Au cas où on ne suivrait pas, ça commence bien cette suspicion que nous ne serions pas attentifs, au cas où on ne suivrait pas donc ,on nous le dit et on nous le redit et on nous le reredit, ce spectacle part de la question « pourquoi les pères sont-ils absents ou morts ? ». Bon ok, pourquoi pas ? Même si tout cela est bien réducteur, un peu larmoyant aussi, on veut bien partir de cette question. Mais pour aller où ? C’est bien le souci de ce spectacle. On sait d’où on part, mais on ne sait pas où l’on va. Est-ce que c’est un spectacle sur la masculinité ? Il y a bien trois interprètes masculin au plateau. Ça oriente. Donc ce serait plutôt la question d’être un fils qui semble ici posée. Pas celle d’être un enfant ou même une fille. Ce serait de bonne guerre. C’est la question que se pose Hamlet après tout. Être ou ne pas être un fils. Mais on sent bien qu’au-delà, c’est la question de devenir père soi-même qui se pose. Comment devenir père si notre père a toujours été absent ou mort, comment survivre aussi si l’on devient père à son tour ? Survivre ou ne pas s’enfuir. D’autant que les interprètes sont en âge de procréer. Ils ne sont plus des enfants. Voilà que tout se complexifie. Mais pas tant que ça. On reste ici dans un monde très hétéronormé finalement, très patriarcal même. Et aujourd’hui voilà qui semble quelque peu problématique. Car est-ce que devenir un homme c’est devenir père, rien n’est moins sûr. Alors il y a sans doute de la naïveté. C’est ce qui semble apparaître avec ces convocations régressives de Dragon ball Z, de Spiderman, de Thorgal, du roi lion. Ça ratisse large, ça parle à tout le monde. C’est attachant, la naïveté. Mais ça ne décolle pas vraiment.
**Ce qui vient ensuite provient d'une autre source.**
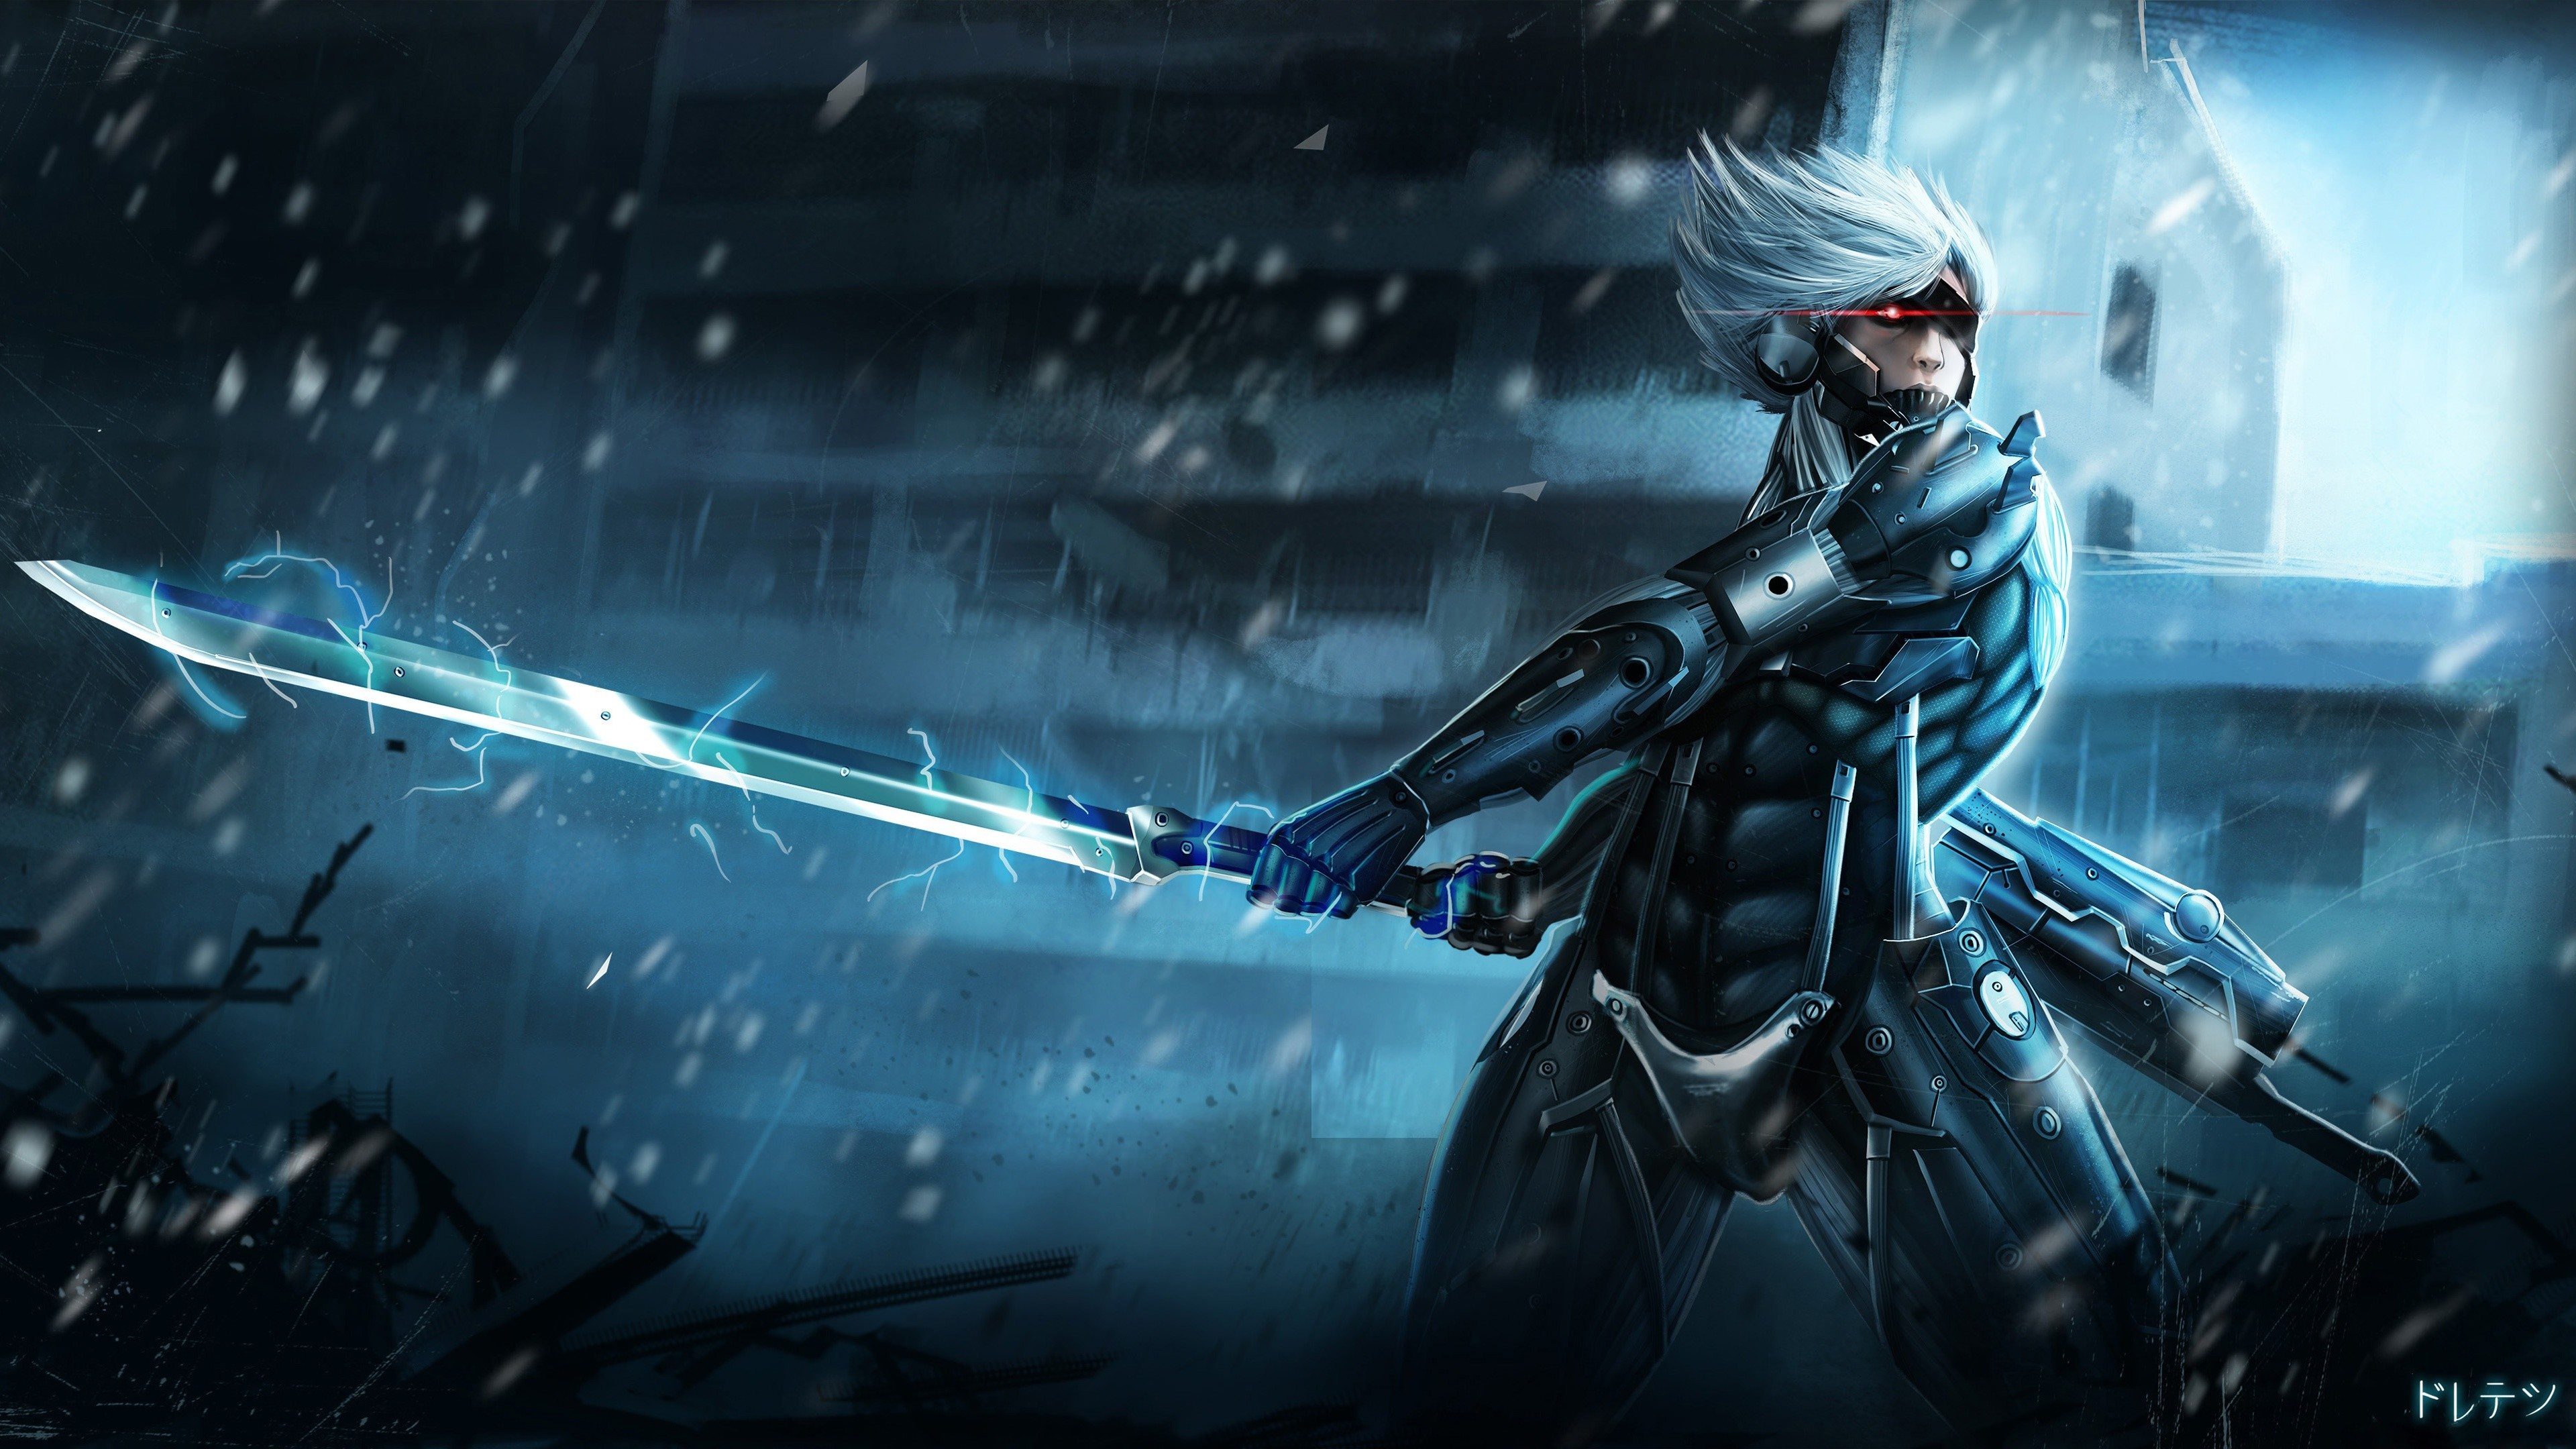 52 Metal Gear Rising: Revengeance HD Wallpapers   Backgrounds

Pour légitimer tout cela rien de mieux que de faire du théâtre documentaire. On passe du temps à interviewer des gens, des anonymes, ils nous racontent leur histoire, ce dont ils se souviennent avec leur père, une grande libération de la parole pour ceux qui n’ont pas la parole. Ça semble généreux ça. Ça permet de dire que ce que l’on dit est vrai sans qu’on puisse rien vous opposer. Une émotion vraie pour un monde qui porte au pinacle l’authenticité.

Un zeste de psychanalyse avec son lot de révélations traumatiques gênantes et le tour est joué.

Mais jamais on n’abordera cette île que le titre nous promettait. Et c’est bien dommage. C’est là qu’on aurait voulu aller. Accoster ce fantasme d’une île où les pères absents et morts se retrouveraient en toute bonhommie. On ne fait que tourner autour sans savoir véritablement ce qui s’y passe.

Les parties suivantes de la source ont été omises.